Released. See CHANGELOG.md for details.

Key improvements: bidirectional graph extension, frontier-queue extension eliminating O(n²) node scanning, reachability pruning replacing ad-hoc heuristics, coverage-aware tip clipping, read threading with bubble resolution, composite path scoring, mismatch-aware primer kmer cap, dynamic node budget, read caching, and panel versioning and validation infrastructure. New c_elegans panel.

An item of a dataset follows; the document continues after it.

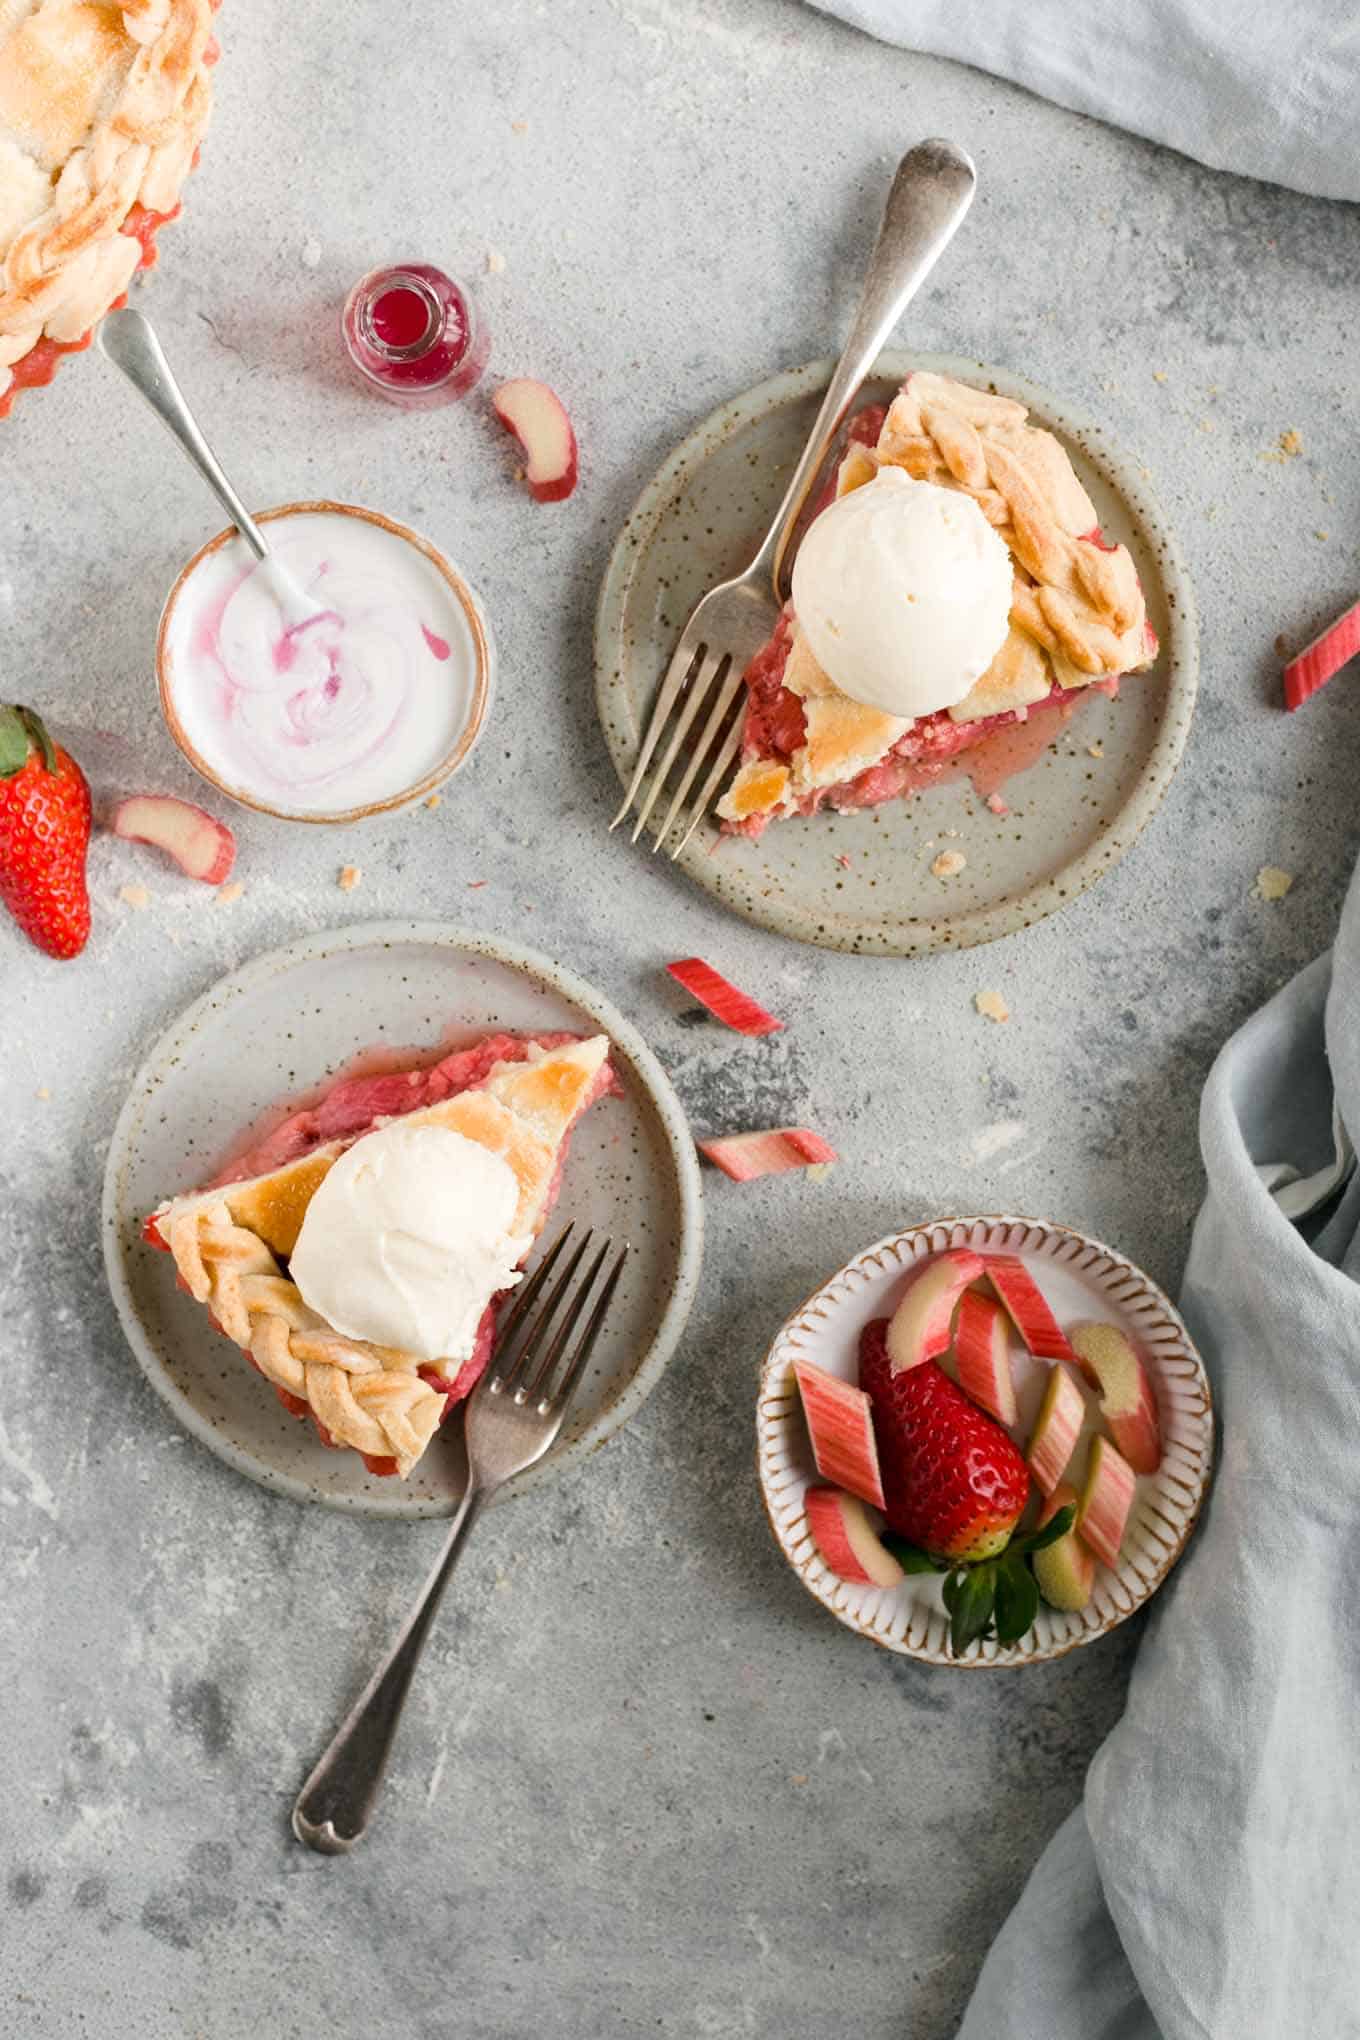 Rhubarb strawberry pie with ice cream. Delicious pie, full of classic flavours! #vegan #vegetarian #rhubarb #pie | via @annabanana.co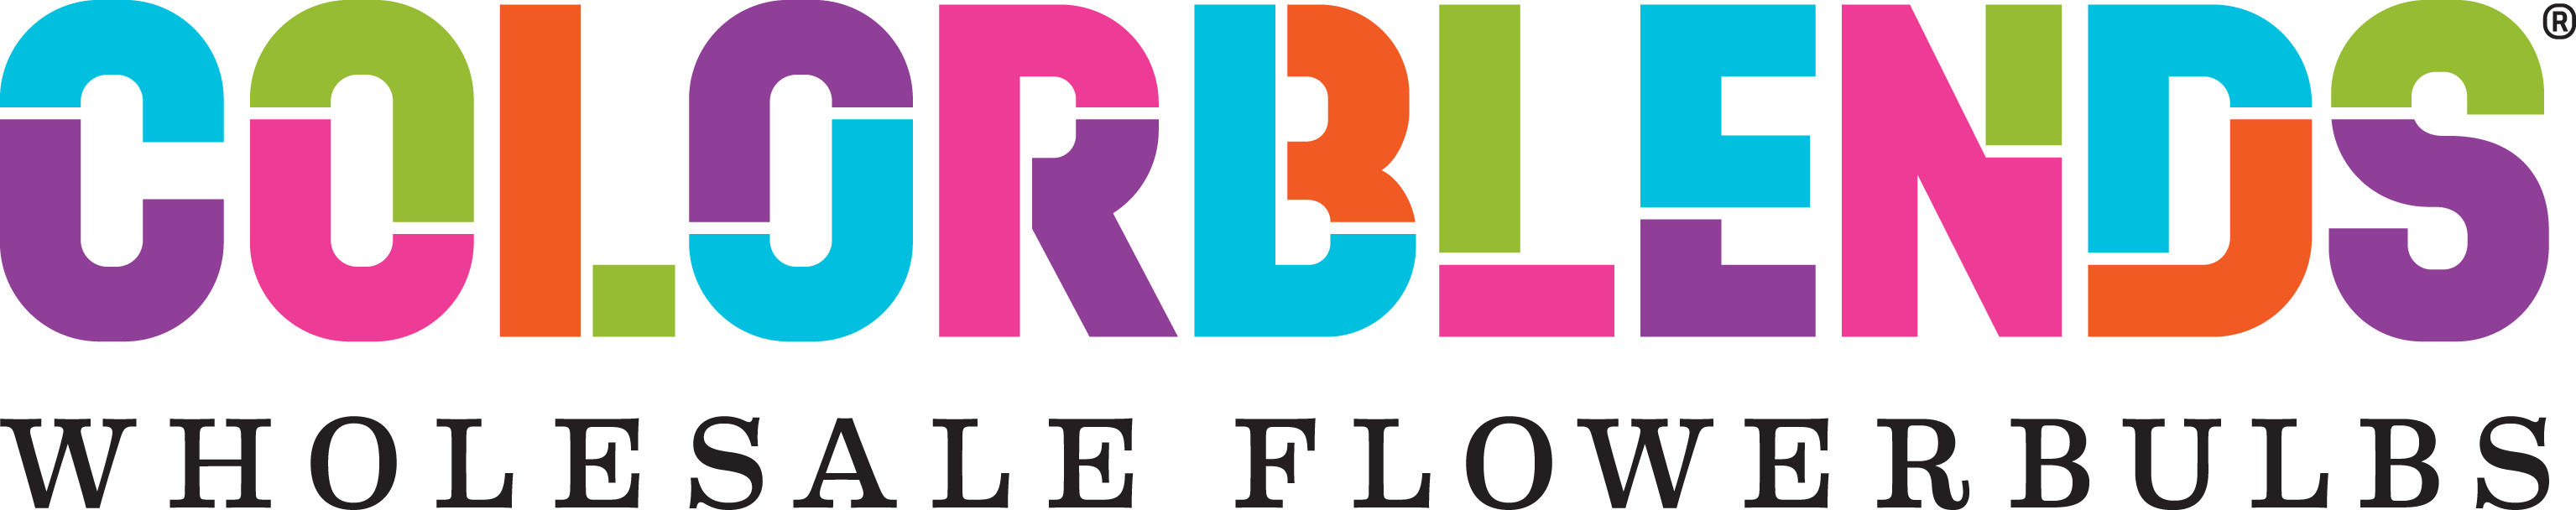 Colorblends-logo

Paired-end phasing (#101) is deferred to v4.0: the infrastructure (PairedEndLink, thread_reads_paired()) is built but downstream consumption is not yet wired.

v4.0 — Metagenomics

The goal of v4.0 is to reliably produce multiple distinct products from mixed samples.

Target improvements:

  • Paired-end phasing (#101): wire PairedEndLink data into bubble resolution and path scoring (infrastructure built in v3.0)
  • Read-supported graph pruning (#99): prune edges/nodes lacking read support to reduce chimeric joins
  • Deconvolution of mixed-organism samples based on coverage profiles
  • Support for reporting multiple distinct amplicons per gene
  • Per-product coverage profiles to distinguish true variants from assembly artifacts
  • Configurable limits for number of amplicons per gene
  • Validation against known metabarcoding datasets
  • Document QIIME2/SILVA workflow and consider convenience flags (#68)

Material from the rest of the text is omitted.